Essays March 2011

Electioneering Chronic Illness

Neil Seeman

None of the critical issues in healthcare will be decided by a frenetic-paced federal election. This is because what matters today is chronic illness and its prevention; this also matters next month, and the month after that, and so forth. We’ve been talking about chronic illness in this country since the Lalonde report in 1974; everybody in Parliament pays lip service to prevention. But it’s not a political priority.

Canada used to be what consultants call a ‘thought leader’ in attacking the many facets of chronic illness. We’ve been left behind; we are not a country to boast about our preventive care.

Elections are about framing. So you’ll hear the scary-sounding word ‘coalition’ a lot from the Conservatives; Mr. Ignatieff will continue to flub on whether he wants a coalition or not. Mr. Harper will win this election, and likely a majority: whatever your opinion on the idea of minority governments, this current structure has passed its shelf life.

Canadians (with the major exception of Toronto) understand this. Mr. Harper is more popular than the polls indicate, and the polls look strong for him. There is still a bias against telling a pollster you support the Conservatives, especially if you live in Toronto. But Toronto (and Toronto media) are becoming less and less important.

I know that Stephen Harper, Michael Ignatieff, Jack Layton, Elizabeth May and Gilles Duceppe care about making Canada a healthier place to live.

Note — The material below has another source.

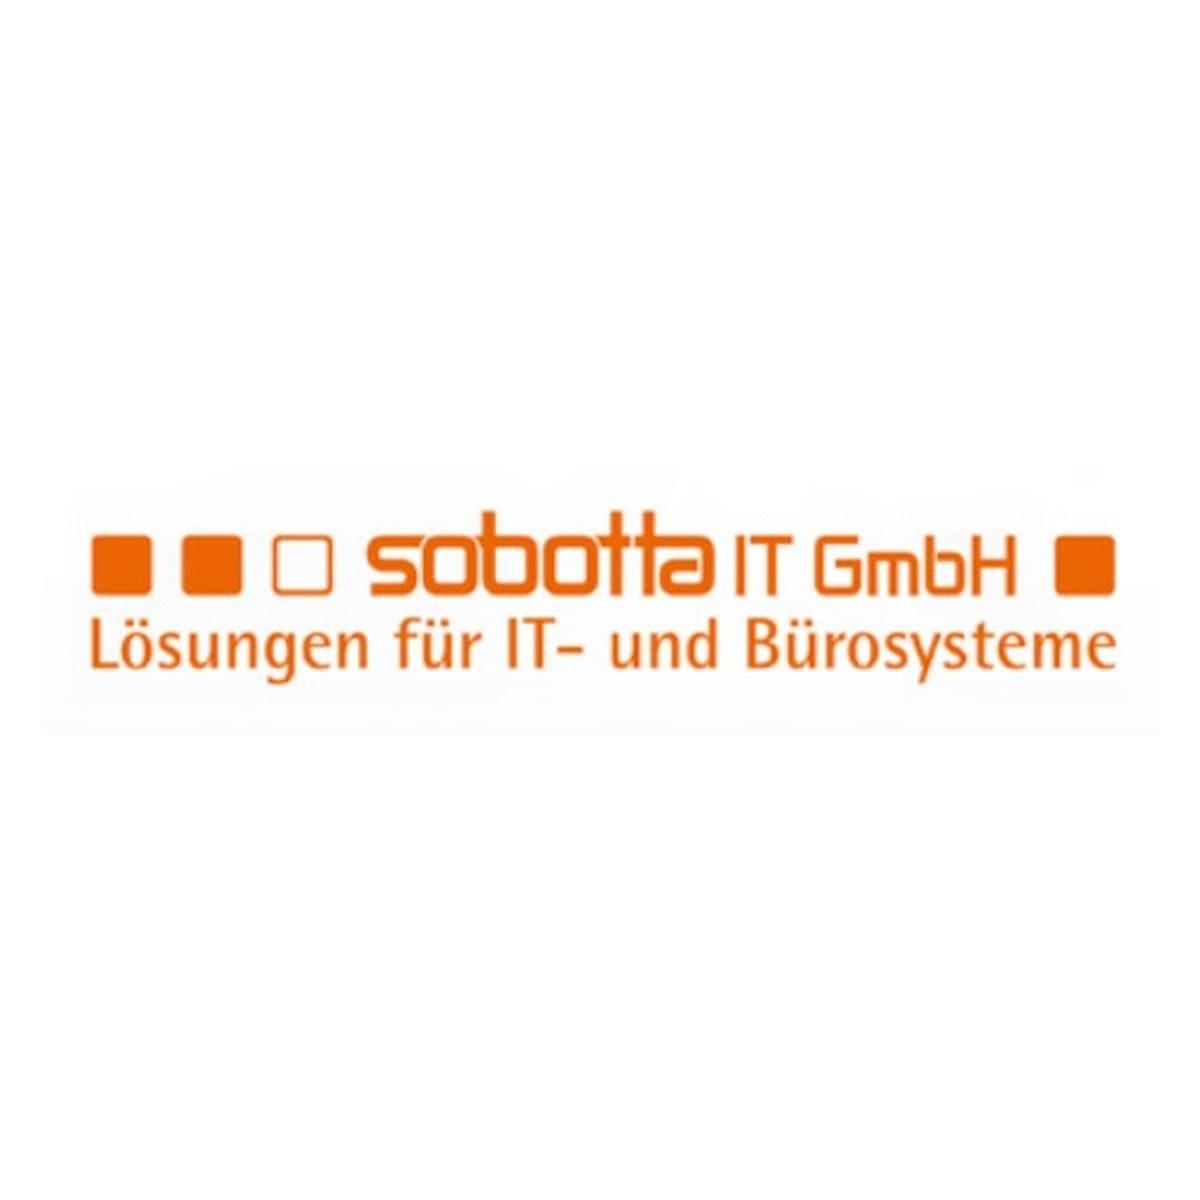 Sobotta IT GmbH

To say otherwise is absurd and vindictive. These individuals have committed significant personal courage to participate in public life.

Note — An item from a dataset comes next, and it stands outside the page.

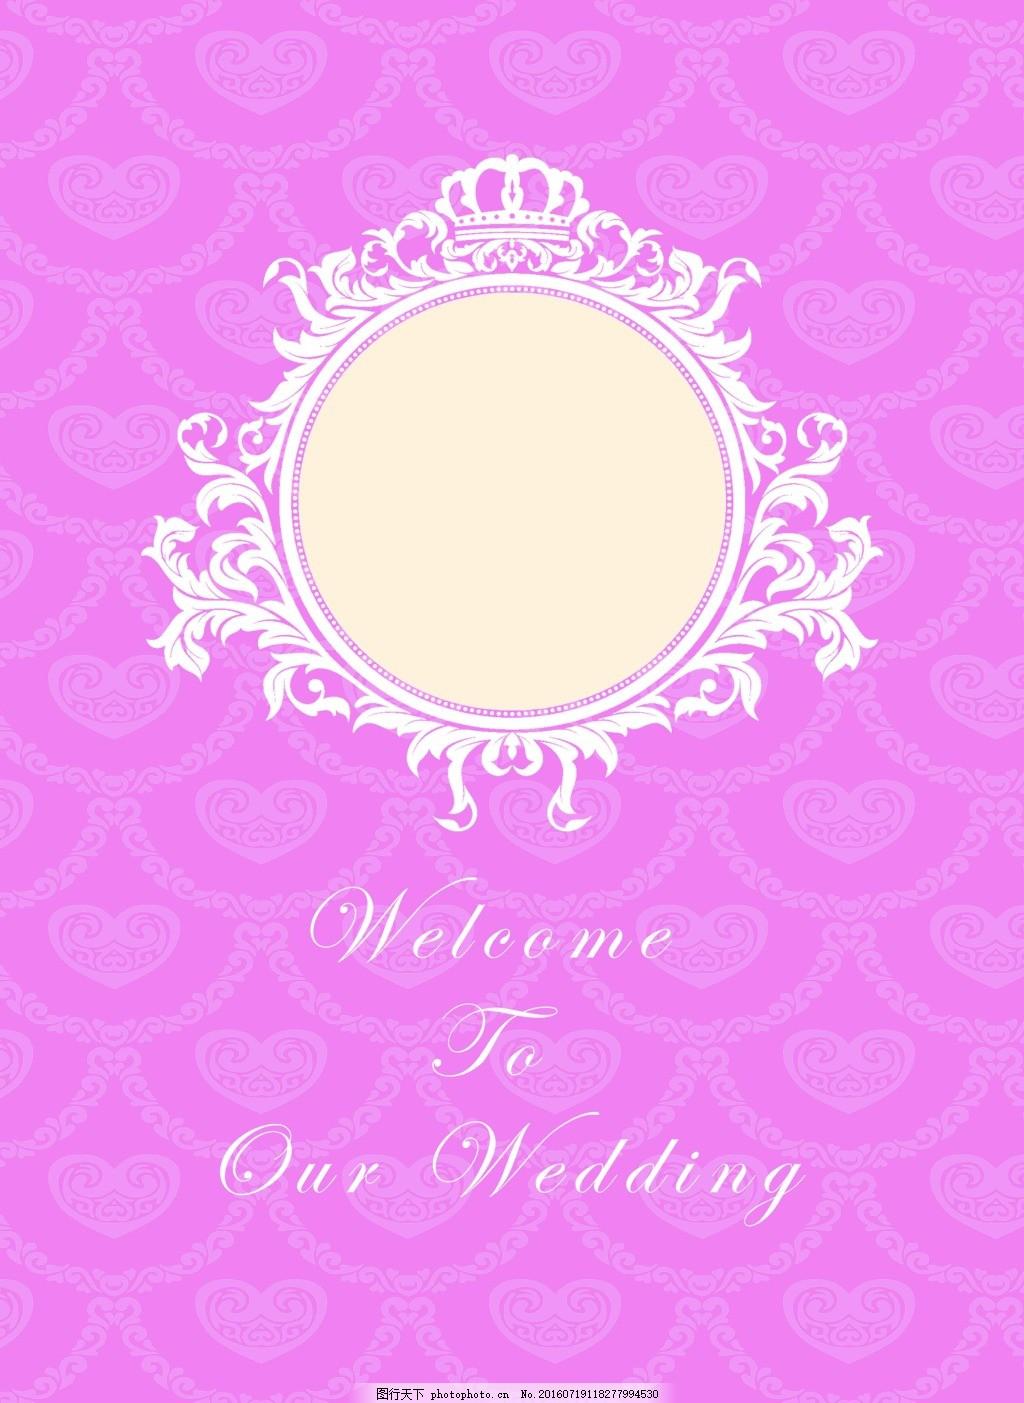 婚礼背景板 背景布 粉色 欧式花框 心形背景

There is a gross misunderstanding among many in the civil service and people who work in healthcare about how federal politics actually works. Many of the people who run this country are young, in their late twenties and early thirties. They are policy staffers for MPs, messaging consultants, and speechwriters – and partisans. It was always thus. Jean Chretien was masterful at nurturing young talent; Paul Martin was not. So-called ‘system leaders’ – and especially academics – are about 1/1000th as important as most people in healthcare think they are. I’m always bewildered at who people in the healthcare system consider to be ‘influencers’. They are almost always not among those who keynote any major healthcare conference in this country.

All of this is not meant to make readers feel disenchanted with democracy. Either you believe in democracy or you don’t. It’s imperfect. Yet hundreds of thousands of people in authoritarian regimes are risking their lives right now to taste democracy. So how do you marry democracy and chronic illness prevention? How do you ensure that good ‘evidence’ – and we all disagree on what this means – gets in the hands of those twenty-something staffers who run this country?

Forget about elections and public policy entertainment. Chronic illness already is ‘on the agenda’ as much as it ever will be. When the federal budget was released, healthcare advocacy groups did as they always have. They crowded into the halls of Parliament and gasped for airtime with any journalists willing to listen. The return on investment from such advocacy is zilch. In the business world, there is an easier approach: outcomes matter and the free market reigns.

One way to address chronic illness is to create companies that prove you can make money in it. So: invest your time in that dusty business plan of yours, not in electioneering blather.

About the Author

Longwoods essayist Neil Seeman is Director of the Health Strategy Innovation Cell at Massey College. His current book is XXL: Obesity and the Limits of Shame.

 


Comments

William Hill wrote:

Posted 2011/03/30 at 06:53 AM EDT

Bravo Mr. Seeman. While we have been toasting ourselves for advances in modern medicine that have resulted in us correcting disease and injury and living longer, we have forgotten the cost on the back end. Our focus on treating the here and now has caused us to abandon prevention and left us with an increasing elderly population with significant resource costly comorbidities.